AIM OF THE EXERCISE. Among the records below, find the line with "August 2021 housing market numbers for GTA." and the line with "various of ice". Set down both and every line between, exactly and with no pictures, but nothing else.

MATERIAL TO PROCESS.
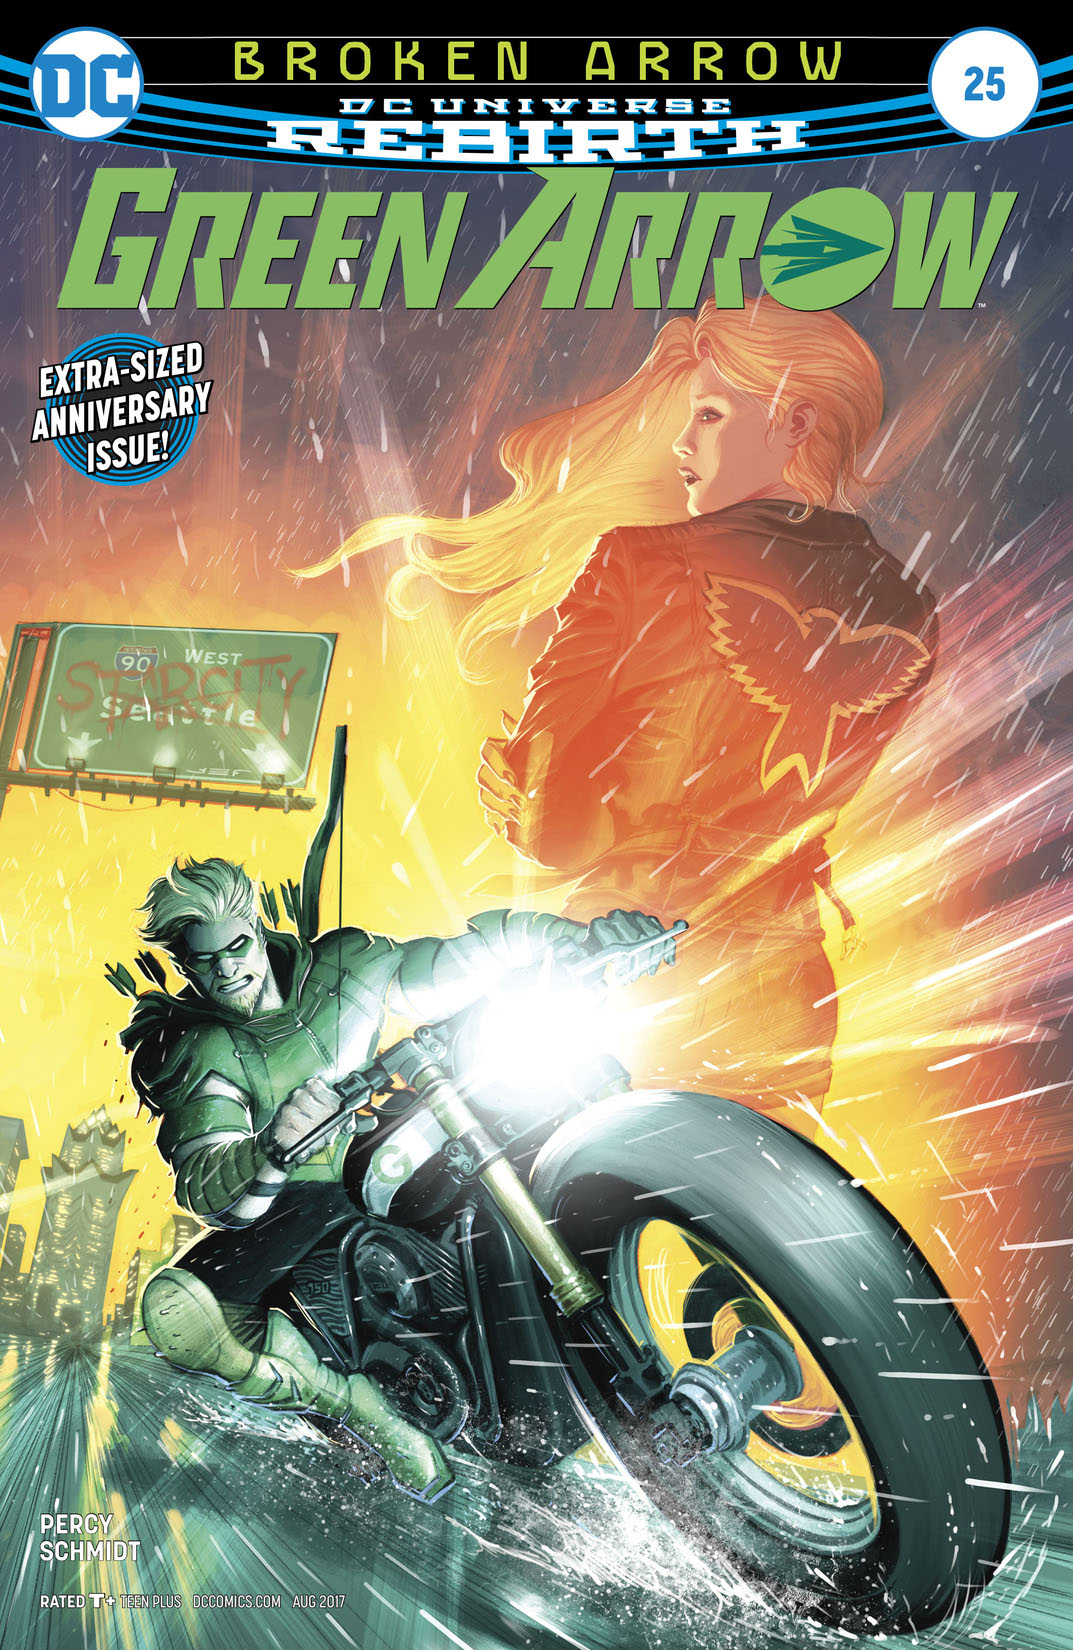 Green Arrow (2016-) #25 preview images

---

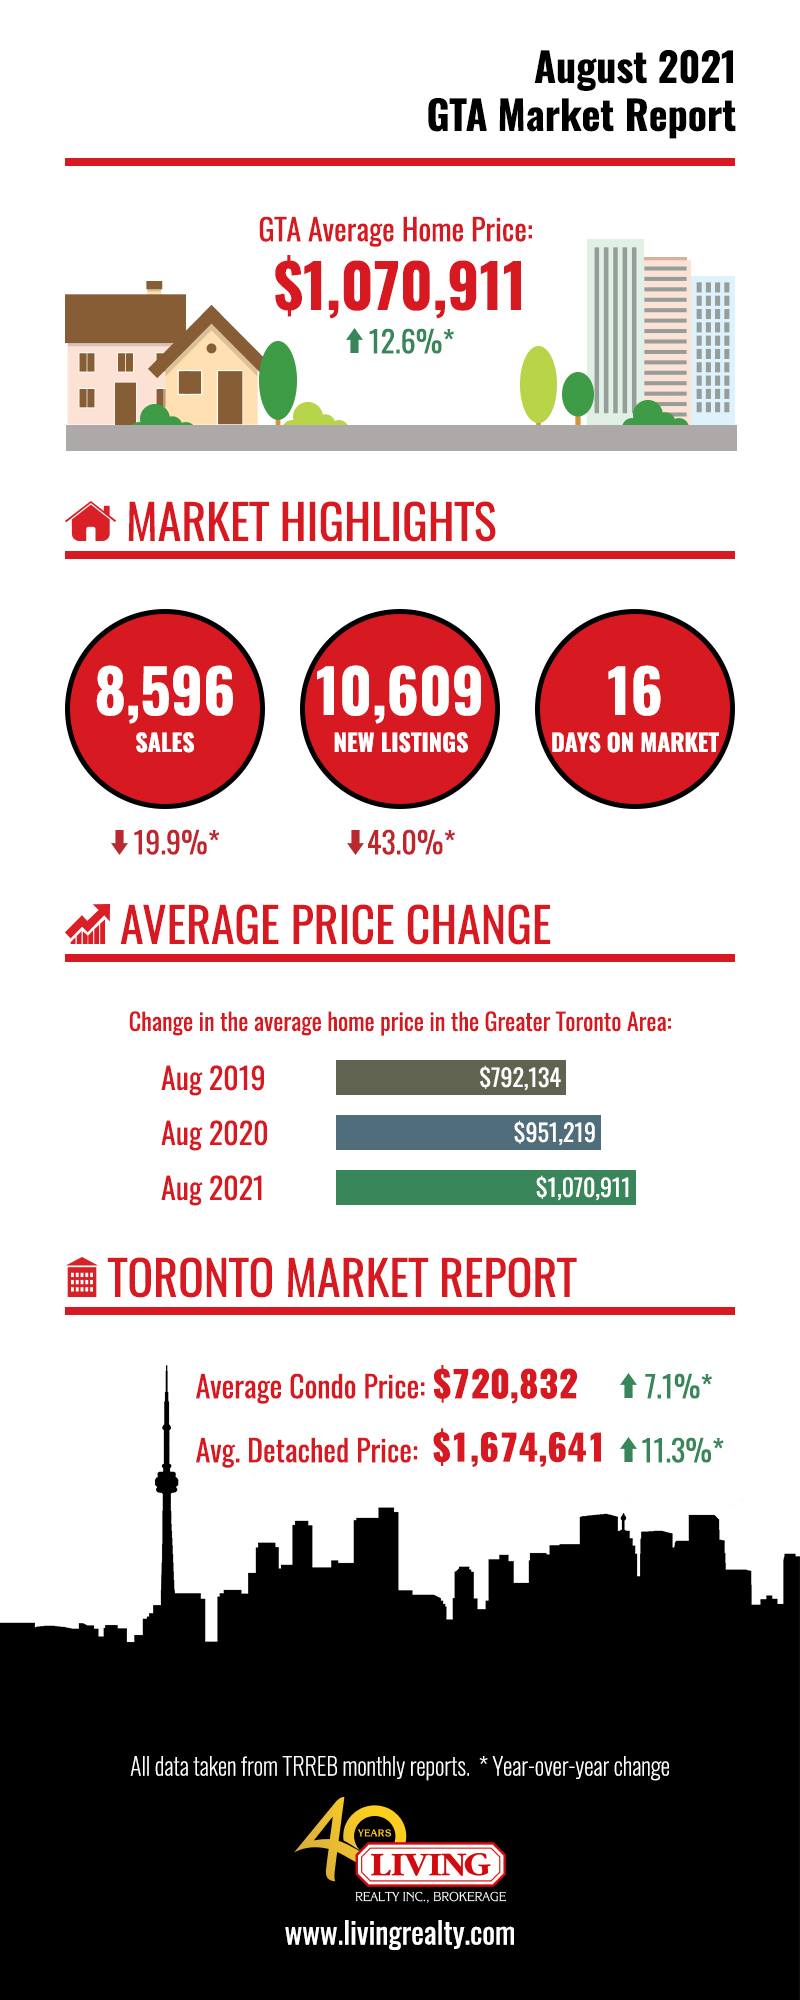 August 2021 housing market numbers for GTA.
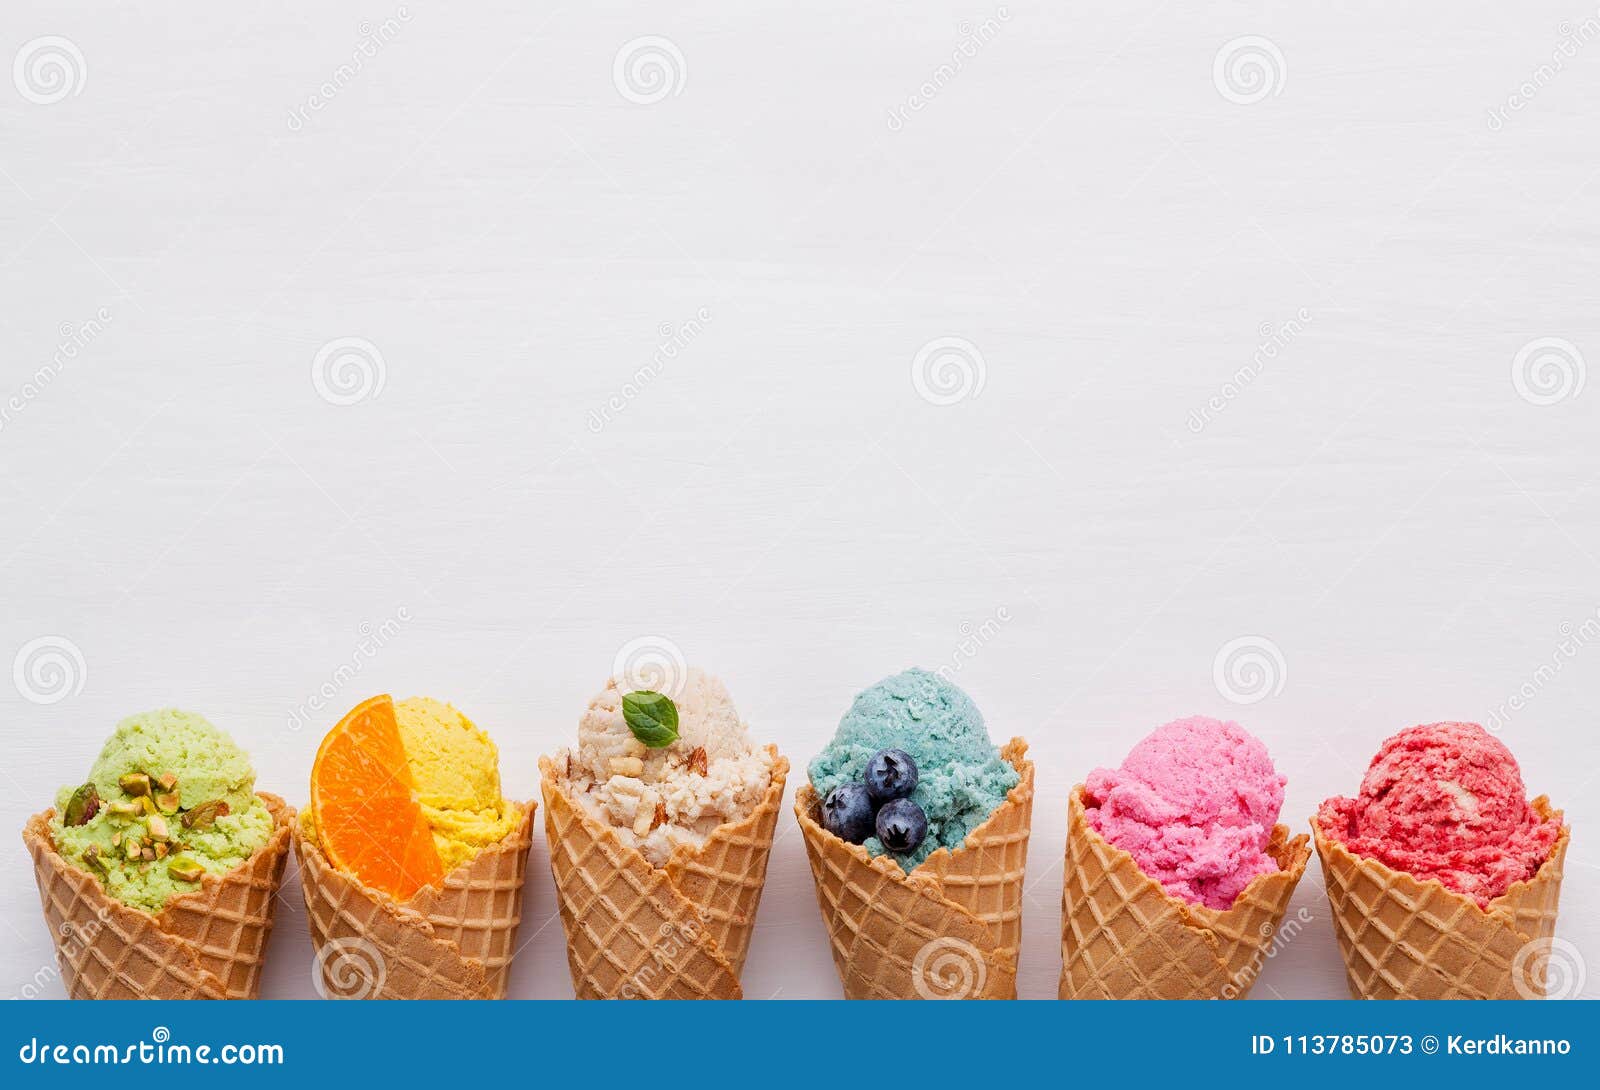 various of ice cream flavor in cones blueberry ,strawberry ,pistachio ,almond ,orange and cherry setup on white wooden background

RESULT OF THE EXERCISE.
 August 2021 housing market numbers for GTA.
 various of ice cream flavor in cones blueberry ,strawberry ,pistachio ,almond ,orange and cherry setup on white wooden background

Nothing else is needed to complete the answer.